Recording breaches takes time. COFAs should take the time to see if there is a more efficient and accurate way of capturing breaches. Identifying breach patterns is one thing but deciding when a pattern becomes a serious breach still remains a challenge for COFAs.
Trends should be considered; including fee earner, individual or department involved, rule, an internal procedure and maybe certain time periods. COFAs could ask themselves; is a lack of process or system causing this issue? Have we done everything to avoid it? Could it lead to a more serious issue? Has it impacted clients? Would you feel comfortable if the SRA investigated it and you had to explain why it is a minor pattern?
COFAS should consider any change the new policies or rules might have on breaches and any patterns.
- Disbursements – know the VAT treatment
Treatment of disbursements continues to be a concern for many COFAs. The ILFM helpline and forum (ILFM Answers) still receives more queries on this issue than any other. COFAs should ensure they understand the vatable treatment of disbursements and stay abreast of updates such as the Brabners and British Airways cases. Changes in the new accounts rules (Rule 2.1 and removal of ‘professional’ disbursements) means the treatment of disbursements will be an area COFAs need to oversee.
- Refresh and review - how can we do things betters
Managing the time needed for the COFA role can be difficult, so the changing of rules gives an opportunity to step back and think about how you can do things better and improve the management of protecting client money. Questions to consider can include:
- Can we use technology better with COFA dashboard, improved reporting and risk data profiling?
- Can we improve how we capture, record and follow up breaches to avoid repeats?
- Can we improve reporting of compliance issues with fee earners; aiding better communication and interaction between fee earners and accounts staff?
- What help and support do the accounting staff need?
- Can we better streamline the accounts system and processes?
- How do I manage the change with the new rules?

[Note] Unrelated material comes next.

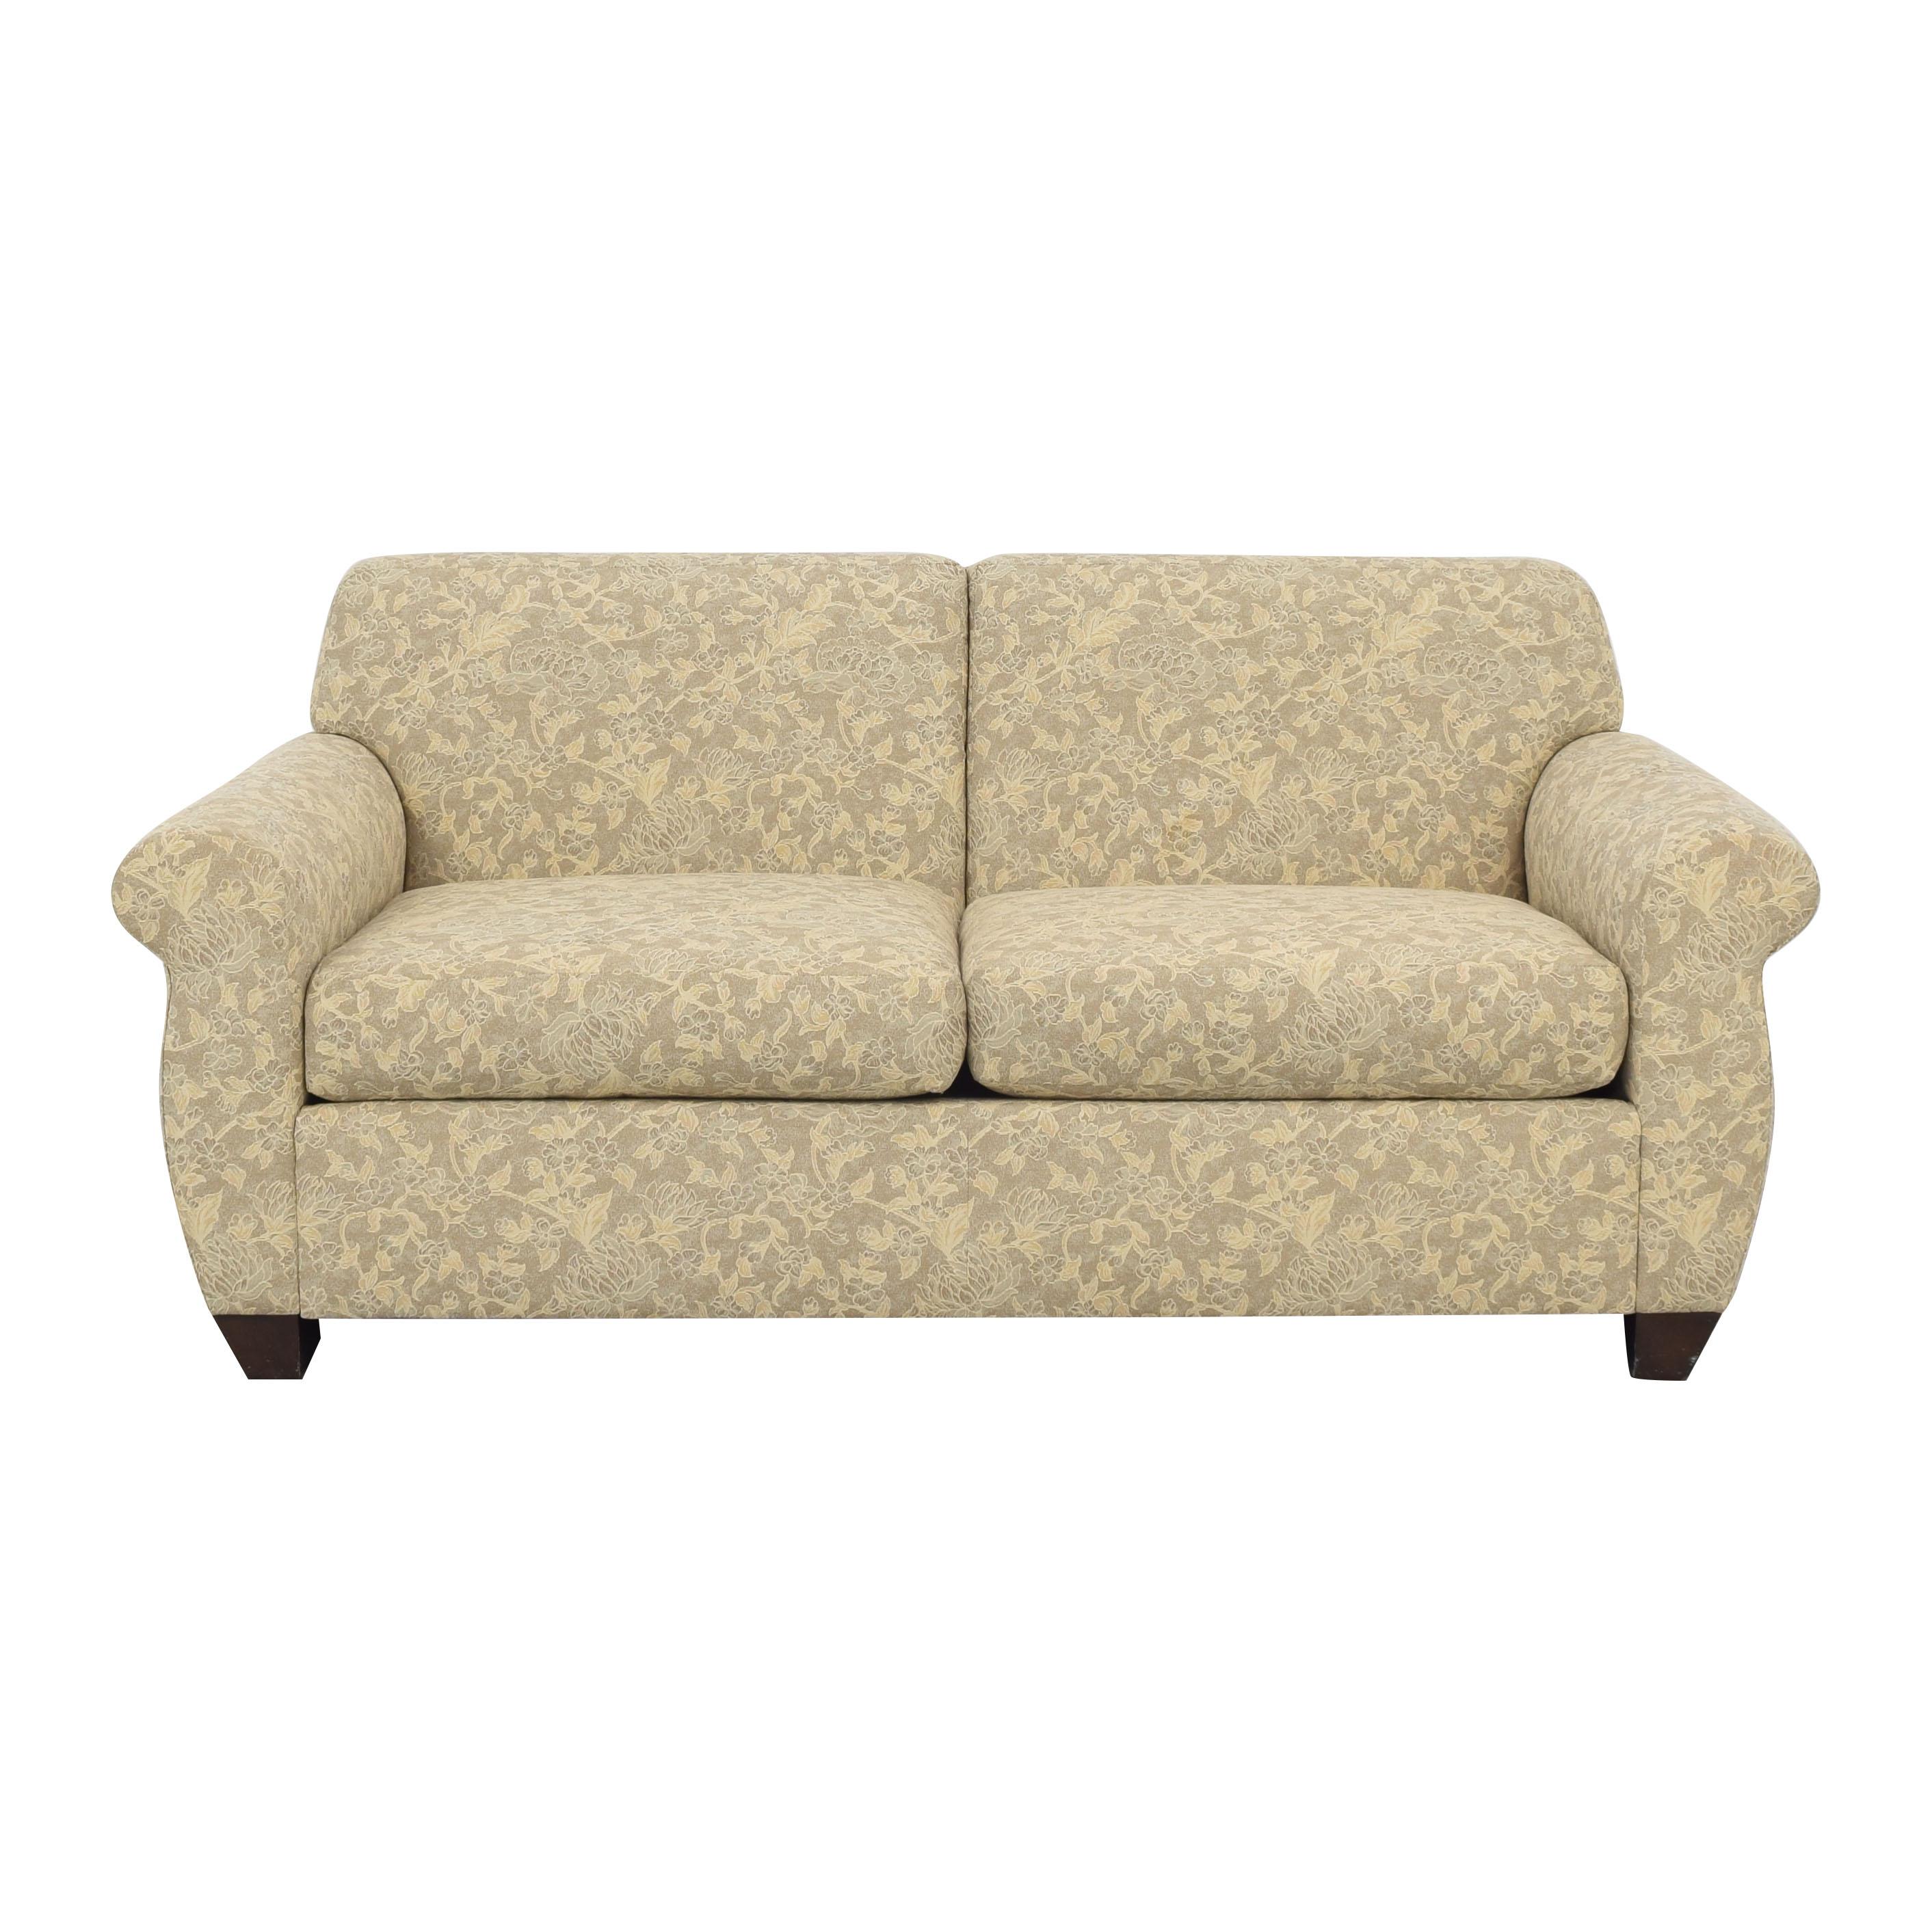 Bright Bright Chair Company Olli B Loveseat Sofas

- Internal audit function – put one in place
Whether this be in the form of quarterly audits of processes or file reviews, there has to be a system of checking accounting procedures. The SRA Risk Outlook 2018/2019 states that checks are crucial and firms must undertake a good audit of systems. Audits could cover returning of client balances, completion statements, bills, interest postings (in line with interest policy), office credits and ledger transfers. Some COFAs may find comfort in engaging their accountants to carry out an independent review of the accounting procedures. A ‘success rate’ could be implemented to reduce audits on those that remain compliant to encourage best practice.
The audit results could be amalgamated into a top 10 hitlist to circulate in the firm to illustrate to everyone what issues are priority within the firm.
- Cybercrime and fraud – don’t be complacent
This has rightly been one of the top priorities in protecting client money. COFAs should not let this slip and keep abreast of new threats and best practice. Exploring cyber safety such as safe phishing campaigns and Cyber Essentials certification. COFAs also need to consider employee fraud and using exit interviews and appraisals.